_WHAT TO WORK ON_. Say how many lines below contain the word "John". The number is the entire reply.

○ ○ ○ ○ ○

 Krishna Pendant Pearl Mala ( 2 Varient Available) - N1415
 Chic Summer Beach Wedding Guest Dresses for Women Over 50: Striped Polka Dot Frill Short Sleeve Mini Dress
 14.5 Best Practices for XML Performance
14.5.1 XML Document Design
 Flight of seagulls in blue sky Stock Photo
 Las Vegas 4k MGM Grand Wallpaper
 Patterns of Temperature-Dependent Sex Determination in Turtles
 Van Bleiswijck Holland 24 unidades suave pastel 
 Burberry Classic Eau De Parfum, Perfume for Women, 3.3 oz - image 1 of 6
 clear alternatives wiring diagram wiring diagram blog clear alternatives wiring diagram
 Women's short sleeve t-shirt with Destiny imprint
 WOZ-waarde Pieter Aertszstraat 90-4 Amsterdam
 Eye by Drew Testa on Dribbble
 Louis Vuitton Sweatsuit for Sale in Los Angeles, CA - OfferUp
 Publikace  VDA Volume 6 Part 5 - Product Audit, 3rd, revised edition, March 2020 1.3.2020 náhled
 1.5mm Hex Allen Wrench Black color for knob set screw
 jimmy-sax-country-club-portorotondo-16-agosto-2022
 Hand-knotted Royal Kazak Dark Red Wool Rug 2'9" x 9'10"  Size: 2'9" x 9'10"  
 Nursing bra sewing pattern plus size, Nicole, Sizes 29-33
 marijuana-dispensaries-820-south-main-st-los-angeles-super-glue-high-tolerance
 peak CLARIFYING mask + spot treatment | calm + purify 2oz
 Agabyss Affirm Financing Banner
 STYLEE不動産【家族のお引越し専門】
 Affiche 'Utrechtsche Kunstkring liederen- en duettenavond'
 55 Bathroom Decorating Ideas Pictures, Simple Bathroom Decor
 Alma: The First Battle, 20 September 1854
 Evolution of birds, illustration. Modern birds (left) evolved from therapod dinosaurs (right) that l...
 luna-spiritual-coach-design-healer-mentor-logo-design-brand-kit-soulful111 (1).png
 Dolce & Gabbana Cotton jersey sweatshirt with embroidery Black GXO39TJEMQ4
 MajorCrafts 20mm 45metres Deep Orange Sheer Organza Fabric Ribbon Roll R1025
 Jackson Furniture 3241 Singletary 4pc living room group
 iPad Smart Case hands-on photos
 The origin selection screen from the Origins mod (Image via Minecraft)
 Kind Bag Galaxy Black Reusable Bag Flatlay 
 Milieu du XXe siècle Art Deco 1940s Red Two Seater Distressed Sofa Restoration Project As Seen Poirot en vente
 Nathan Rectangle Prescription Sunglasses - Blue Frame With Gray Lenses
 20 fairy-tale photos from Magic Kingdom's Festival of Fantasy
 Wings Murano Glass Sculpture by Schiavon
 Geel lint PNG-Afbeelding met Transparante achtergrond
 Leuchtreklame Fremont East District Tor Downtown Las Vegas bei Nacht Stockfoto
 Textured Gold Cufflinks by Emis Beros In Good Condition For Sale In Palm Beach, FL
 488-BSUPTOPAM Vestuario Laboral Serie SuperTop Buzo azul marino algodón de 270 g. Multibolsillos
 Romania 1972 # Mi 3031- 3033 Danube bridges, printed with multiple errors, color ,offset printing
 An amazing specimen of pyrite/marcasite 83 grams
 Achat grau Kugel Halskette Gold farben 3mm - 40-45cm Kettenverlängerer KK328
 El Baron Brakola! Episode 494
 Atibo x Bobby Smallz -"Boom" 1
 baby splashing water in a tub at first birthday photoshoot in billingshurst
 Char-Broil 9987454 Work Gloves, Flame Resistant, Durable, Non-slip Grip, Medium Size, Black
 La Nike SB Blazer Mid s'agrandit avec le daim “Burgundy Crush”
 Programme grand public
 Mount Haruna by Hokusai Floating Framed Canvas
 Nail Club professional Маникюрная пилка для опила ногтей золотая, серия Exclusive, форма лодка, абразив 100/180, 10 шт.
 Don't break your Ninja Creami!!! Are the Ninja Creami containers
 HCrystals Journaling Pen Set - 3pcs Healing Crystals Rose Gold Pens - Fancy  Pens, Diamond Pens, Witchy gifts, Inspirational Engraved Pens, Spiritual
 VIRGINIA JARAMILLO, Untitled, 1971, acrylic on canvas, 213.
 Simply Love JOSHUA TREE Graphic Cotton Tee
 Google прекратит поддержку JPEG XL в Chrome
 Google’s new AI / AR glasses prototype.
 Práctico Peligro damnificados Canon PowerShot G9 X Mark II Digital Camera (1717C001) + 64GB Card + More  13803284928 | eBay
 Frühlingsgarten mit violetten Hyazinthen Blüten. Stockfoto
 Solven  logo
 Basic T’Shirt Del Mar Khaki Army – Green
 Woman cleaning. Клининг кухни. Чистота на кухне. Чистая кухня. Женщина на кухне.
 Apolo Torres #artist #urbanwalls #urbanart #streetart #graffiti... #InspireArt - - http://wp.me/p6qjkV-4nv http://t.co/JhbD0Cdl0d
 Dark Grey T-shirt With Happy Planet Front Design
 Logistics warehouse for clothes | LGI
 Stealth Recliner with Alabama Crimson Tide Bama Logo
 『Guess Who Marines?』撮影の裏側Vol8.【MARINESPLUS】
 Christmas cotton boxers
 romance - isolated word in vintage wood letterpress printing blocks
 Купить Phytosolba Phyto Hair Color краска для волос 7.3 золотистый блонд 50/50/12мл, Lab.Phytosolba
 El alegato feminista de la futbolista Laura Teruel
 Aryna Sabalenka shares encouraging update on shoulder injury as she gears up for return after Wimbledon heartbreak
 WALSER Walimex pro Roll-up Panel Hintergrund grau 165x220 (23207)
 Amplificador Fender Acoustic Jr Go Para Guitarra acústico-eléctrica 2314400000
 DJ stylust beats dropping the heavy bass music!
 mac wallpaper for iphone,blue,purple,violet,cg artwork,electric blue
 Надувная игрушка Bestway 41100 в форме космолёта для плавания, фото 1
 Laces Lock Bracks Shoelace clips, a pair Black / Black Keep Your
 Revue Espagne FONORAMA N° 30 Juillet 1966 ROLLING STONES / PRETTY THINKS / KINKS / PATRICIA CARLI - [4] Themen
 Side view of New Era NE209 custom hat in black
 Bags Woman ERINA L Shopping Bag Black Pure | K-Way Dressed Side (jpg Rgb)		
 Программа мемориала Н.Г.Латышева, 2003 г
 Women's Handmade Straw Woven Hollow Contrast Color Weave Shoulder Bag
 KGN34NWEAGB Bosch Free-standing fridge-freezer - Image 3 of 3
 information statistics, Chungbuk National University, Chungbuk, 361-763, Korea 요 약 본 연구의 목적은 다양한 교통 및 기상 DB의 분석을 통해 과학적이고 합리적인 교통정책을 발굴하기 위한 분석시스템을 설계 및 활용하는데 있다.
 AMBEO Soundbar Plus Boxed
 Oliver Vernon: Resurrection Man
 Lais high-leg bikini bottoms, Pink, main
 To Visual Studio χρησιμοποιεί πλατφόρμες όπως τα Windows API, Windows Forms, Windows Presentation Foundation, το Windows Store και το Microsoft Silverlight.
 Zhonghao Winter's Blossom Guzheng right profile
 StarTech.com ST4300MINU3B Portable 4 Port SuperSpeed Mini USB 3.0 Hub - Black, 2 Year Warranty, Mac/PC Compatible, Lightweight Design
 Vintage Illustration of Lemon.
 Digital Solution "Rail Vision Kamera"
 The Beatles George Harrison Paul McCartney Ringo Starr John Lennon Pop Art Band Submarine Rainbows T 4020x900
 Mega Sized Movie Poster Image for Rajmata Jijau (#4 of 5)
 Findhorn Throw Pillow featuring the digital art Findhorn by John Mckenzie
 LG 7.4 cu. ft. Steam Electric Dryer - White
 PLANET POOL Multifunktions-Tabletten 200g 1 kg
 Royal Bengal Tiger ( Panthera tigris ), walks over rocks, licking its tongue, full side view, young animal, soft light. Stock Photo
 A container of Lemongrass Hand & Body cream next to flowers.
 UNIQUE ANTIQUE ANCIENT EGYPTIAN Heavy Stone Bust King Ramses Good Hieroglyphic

○ ○ ○ ○ ○

_THE COMPLETED TASK_. 2